#### Input for this task

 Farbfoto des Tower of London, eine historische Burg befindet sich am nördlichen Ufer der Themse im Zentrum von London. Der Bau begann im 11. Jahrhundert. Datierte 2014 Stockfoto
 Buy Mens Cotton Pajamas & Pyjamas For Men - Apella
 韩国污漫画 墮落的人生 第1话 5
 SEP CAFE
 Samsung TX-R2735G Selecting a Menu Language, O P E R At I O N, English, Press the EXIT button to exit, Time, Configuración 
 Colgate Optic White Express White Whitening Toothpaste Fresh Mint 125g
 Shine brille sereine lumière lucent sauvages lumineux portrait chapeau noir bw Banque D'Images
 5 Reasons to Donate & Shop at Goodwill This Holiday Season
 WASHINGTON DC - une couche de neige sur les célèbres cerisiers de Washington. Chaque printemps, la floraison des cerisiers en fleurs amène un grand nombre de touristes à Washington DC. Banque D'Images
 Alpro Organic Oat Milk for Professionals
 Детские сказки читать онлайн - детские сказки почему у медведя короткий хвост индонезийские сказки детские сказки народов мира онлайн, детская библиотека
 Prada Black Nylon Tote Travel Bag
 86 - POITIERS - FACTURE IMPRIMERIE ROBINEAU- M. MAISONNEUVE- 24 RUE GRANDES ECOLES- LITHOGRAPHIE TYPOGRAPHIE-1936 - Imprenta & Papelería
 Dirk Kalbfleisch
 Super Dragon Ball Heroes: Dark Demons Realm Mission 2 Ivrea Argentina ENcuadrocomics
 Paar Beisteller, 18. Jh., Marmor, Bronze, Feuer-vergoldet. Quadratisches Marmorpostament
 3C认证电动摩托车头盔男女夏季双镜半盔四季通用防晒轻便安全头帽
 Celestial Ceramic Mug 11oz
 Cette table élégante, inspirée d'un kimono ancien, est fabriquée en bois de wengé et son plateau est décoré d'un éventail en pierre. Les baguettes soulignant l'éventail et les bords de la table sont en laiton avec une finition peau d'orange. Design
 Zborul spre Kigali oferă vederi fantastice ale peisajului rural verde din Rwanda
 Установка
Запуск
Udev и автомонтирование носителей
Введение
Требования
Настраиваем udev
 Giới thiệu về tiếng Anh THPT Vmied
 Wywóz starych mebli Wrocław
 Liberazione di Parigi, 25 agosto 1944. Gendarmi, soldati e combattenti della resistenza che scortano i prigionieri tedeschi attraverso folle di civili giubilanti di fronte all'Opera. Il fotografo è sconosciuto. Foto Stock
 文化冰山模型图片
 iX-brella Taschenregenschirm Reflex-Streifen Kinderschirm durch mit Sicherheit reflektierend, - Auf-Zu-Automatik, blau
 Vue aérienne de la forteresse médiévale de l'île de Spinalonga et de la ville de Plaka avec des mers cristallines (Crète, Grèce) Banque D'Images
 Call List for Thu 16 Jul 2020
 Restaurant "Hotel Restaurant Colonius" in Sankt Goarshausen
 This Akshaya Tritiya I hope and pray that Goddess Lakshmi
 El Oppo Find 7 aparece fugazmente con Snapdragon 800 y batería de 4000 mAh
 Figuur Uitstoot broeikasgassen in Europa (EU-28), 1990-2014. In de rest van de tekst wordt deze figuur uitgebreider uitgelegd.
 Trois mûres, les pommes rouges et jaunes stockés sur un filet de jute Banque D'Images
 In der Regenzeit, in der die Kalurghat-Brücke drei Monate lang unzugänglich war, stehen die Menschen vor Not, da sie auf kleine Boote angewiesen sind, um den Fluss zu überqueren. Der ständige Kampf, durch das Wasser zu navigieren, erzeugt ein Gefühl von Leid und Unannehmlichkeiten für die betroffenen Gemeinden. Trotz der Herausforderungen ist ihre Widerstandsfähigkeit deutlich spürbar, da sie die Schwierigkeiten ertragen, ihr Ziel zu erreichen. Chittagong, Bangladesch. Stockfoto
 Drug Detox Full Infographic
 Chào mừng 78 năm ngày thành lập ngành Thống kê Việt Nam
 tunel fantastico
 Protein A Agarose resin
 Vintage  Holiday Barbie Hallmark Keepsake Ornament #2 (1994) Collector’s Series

########

With the line containing "tunel fantastico" as the first and the last line above as the final one, copy those lines exactly and no others.

 tunel fantastico
 Protein A Agarose resin
 Vintage  Holiday Barbie Hallmark Keepsake Ornament #2 (1994) Collector’s Series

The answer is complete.